Beginning with the line that contains "Gambler 1975 by Parker Brothers" in the material below, print each line exactly until the line that contains "Daughter Photo Frame" has been printed, then stop.

Records shown:
━━━━━━━━━━━━━━━━━━━━━━━━━━━━━━
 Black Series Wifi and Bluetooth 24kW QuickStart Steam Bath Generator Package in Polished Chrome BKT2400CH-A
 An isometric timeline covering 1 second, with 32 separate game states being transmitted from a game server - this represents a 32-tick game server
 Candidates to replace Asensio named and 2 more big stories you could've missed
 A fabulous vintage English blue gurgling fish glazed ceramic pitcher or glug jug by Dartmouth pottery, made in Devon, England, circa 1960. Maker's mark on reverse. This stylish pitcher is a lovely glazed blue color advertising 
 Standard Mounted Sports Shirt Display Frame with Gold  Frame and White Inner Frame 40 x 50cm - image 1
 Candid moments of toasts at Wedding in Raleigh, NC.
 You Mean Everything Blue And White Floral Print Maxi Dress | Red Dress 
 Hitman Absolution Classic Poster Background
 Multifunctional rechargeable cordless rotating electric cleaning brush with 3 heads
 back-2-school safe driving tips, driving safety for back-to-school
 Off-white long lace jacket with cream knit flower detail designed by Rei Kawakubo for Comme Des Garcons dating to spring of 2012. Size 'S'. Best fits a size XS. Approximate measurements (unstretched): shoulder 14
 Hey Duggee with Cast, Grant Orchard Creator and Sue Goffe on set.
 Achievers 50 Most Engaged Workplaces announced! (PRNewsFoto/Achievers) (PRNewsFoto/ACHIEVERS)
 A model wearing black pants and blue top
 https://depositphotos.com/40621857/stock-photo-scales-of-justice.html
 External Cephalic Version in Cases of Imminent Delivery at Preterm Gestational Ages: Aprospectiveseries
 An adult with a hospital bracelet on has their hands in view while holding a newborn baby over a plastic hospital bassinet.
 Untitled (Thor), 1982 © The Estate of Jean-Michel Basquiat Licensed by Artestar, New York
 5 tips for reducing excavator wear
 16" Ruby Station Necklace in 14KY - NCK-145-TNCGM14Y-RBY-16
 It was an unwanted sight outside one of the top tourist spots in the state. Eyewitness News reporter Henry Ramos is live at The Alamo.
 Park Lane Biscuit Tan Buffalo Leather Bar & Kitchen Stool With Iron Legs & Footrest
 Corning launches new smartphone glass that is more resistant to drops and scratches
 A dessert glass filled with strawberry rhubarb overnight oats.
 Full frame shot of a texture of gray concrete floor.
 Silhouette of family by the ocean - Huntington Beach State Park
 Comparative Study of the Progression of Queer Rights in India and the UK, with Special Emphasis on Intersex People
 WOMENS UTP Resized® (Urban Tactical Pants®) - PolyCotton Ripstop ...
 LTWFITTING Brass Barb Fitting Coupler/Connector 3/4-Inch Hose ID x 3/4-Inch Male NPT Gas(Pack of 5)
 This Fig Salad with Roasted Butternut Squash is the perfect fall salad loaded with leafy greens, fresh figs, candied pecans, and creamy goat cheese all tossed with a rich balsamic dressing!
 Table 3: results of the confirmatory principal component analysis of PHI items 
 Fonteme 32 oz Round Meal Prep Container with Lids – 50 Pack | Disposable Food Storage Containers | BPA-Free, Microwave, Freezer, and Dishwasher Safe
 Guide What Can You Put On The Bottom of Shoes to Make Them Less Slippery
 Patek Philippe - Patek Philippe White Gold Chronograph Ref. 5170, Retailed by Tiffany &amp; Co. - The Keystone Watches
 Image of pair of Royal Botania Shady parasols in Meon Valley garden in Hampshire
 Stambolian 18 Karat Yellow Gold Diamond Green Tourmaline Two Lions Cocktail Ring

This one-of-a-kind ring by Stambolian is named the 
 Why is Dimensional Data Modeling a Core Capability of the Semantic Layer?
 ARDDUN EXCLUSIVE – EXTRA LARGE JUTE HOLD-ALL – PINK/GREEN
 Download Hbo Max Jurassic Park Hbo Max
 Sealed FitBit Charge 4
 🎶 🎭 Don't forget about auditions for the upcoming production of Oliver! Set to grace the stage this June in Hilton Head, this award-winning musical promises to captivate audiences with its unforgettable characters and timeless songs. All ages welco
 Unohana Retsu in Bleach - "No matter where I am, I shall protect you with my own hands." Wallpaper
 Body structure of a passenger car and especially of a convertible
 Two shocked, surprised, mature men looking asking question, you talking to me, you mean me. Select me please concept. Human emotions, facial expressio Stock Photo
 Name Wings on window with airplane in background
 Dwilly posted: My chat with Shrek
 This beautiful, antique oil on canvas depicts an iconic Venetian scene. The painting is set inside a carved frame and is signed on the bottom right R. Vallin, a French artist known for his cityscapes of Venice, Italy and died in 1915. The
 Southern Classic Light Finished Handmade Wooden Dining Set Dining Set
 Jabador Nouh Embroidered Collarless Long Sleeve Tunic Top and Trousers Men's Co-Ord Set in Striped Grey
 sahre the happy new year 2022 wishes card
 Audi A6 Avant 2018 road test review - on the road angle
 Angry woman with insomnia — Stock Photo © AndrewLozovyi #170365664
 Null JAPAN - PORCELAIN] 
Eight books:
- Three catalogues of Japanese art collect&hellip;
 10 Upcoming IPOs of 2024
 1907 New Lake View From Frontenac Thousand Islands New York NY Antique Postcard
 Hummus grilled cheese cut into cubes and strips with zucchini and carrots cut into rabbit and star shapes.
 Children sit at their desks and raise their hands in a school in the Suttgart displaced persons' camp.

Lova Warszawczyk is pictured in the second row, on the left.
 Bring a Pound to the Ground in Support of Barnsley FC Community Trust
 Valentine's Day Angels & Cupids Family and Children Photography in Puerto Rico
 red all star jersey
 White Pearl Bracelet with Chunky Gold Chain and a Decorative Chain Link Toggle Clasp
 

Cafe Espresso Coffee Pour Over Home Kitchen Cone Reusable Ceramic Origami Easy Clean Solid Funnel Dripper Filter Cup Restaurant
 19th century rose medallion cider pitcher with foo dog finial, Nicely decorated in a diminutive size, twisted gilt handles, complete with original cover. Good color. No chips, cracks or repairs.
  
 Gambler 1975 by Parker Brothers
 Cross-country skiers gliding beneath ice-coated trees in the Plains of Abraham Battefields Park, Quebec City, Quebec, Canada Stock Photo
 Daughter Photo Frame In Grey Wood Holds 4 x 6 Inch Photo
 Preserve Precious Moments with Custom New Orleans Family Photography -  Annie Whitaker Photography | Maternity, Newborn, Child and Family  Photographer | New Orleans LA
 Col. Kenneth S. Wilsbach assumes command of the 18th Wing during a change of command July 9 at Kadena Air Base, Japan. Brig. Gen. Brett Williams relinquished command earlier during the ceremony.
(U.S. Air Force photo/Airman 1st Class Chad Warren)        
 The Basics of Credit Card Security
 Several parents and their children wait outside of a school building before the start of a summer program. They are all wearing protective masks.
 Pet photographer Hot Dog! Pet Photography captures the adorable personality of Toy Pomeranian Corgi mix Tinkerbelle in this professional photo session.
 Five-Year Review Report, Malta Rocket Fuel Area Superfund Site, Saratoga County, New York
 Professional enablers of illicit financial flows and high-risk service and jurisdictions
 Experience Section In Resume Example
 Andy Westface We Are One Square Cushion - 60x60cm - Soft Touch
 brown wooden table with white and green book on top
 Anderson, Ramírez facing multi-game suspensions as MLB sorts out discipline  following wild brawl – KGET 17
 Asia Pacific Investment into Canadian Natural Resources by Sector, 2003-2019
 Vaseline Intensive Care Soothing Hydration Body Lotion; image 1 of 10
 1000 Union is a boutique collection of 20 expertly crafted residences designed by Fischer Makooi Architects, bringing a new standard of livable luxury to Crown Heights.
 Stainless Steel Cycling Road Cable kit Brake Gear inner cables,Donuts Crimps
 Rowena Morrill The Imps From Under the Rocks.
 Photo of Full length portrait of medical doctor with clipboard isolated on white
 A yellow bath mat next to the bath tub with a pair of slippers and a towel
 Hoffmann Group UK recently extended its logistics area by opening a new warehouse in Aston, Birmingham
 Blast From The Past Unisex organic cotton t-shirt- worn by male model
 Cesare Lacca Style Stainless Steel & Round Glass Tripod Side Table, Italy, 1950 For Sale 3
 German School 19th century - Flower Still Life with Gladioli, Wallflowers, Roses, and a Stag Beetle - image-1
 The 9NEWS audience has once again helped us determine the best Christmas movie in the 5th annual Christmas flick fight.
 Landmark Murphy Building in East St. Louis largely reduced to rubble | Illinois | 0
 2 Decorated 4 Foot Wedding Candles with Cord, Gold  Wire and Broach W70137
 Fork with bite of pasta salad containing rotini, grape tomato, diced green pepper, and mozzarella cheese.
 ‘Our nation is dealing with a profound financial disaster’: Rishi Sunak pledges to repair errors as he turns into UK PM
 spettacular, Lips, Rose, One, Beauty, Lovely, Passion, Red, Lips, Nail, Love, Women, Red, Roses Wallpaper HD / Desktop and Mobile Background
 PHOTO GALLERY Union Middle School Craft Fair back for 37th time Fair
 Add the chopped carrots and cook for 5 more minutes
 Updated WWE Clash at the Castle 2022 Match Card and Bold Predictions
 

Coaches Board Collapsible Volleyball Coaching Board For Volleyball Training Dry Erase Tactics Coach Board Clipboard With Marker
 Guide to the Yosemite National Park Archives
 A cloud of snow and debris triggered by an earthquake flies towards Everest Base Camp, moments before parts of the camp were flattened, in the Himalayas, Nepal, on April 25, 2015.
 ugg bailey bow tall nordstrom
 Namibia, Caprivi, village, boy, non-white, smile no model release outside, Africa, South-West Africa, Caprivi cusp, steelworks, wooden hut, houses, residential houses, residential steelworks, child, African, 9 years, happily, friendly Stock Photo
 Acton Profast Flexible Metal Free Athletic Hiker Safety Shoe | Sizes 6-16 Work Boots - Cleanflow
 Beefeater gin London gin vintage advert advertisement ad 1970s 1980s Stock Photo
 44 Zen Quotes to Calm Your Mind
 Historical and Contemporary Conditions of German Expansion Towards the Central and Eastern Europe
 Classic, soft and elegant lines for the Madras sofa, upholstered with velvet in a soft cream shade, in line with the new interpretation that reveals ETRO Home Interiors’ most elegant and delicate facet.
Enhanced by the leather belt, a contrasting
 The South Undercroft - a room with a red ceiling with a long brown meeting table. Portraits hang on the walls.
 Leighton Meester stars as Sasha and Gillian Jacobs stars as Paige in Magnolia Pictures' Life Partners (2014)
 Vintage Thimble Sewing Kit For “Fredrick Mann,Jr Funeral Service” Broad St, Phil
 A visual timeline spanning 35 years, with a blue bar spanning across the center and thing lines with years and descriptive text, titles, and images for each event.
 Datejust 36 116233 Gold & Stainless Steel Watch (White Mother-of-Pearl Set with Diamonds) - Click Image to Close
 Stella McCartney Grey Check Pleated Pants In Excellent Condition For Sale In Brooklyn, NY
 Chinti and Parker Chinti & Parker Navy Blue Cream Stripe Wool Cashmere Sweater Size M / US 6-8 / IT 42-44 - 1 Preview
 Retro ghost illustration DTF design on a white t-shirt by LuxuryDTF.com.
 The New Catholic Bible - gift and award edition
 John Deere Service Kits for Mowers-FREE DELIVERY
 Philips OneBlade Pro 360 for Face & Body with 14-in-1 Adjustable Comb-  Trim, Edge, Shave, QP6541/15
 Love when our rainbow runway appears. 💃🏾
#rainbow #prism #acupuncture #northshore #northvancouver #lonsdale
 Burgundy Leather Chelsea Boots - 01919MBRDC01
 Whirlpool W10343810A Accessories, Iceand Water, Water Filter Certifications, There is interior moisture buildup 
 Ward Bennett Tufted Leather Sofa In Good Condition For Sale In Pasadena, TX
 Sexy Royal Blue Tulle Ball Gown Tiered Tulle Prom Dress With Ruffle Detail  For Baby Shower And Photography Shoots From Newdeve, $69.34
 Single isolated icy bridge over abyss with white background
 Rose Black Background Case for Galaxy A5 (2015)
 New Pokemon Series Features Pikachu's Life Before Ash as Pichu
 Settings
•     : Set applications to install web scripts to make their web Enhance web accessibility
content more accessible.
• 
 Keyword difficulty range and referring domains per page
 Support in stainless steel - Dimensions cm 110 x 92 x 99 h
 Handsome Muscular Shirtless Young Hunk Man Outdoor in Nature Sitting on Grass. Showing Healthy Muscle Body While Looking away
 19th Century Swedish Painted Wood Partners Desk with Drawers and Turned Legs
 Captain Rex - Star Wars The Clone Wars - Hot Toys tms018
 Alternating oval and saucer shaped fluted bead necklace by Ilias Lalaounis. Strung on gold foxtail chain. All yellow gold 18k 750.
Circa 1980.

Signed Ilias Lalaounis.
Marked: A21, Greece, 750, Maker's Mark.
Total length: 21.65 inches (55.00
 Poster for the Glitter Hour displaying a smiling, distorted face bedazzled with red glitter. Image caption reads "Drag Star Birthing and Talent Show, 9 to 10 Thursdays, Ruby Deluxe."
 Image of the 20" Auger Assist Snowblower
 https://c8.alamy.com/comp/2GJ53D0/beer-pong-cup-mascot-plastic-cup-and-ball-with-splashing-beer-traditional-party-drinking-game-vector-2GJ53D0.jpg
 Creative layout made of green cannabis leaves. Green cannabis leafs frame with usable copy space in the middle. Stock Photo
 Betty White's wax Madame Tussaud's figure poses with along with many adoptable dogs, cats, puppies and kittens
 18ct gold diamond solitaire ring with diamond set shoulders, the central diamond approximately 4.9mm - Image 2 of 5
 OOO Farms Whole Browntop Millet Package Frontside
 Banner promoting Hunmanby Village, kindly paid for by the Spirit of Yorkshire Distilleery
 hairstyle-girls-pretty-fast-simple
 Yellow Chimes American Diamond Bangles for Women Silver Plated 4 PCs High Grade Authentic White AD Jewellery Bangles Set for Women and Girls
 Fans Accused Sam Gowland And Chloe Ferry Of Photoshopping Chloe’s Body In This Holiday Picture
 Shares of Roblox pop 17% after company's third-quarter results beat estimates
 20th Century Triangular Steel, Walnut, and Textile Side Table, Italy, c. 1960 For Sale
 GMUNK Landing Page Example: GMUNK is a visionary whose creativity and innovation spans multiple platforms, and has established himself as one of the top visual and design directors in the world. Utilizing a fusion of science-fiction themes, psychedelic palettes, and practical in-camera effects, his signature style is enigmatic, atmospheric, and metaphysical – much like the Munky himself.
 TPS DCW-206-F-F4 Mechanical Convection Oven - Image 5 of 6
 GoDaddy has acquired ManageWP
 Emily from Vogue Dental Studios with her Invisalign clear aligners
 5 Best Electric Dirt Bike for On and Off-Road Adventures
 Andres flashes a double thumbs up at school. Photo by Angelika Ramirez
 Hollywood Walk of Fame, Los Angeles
━━━━━━━━━━━━━━━━━━━━━━━━━━━━━━
Output of the task:
 Gambler 1975 by Parker Brothers
 Cross-country skiers gliding beneath ice-coated trees in the Plains of Abraham Battefields Park, Quebec City, Quebec, Canada Stock Photo
 Daughter Photo Frame In Grey Wood Holds 4 x 6 Inch Photo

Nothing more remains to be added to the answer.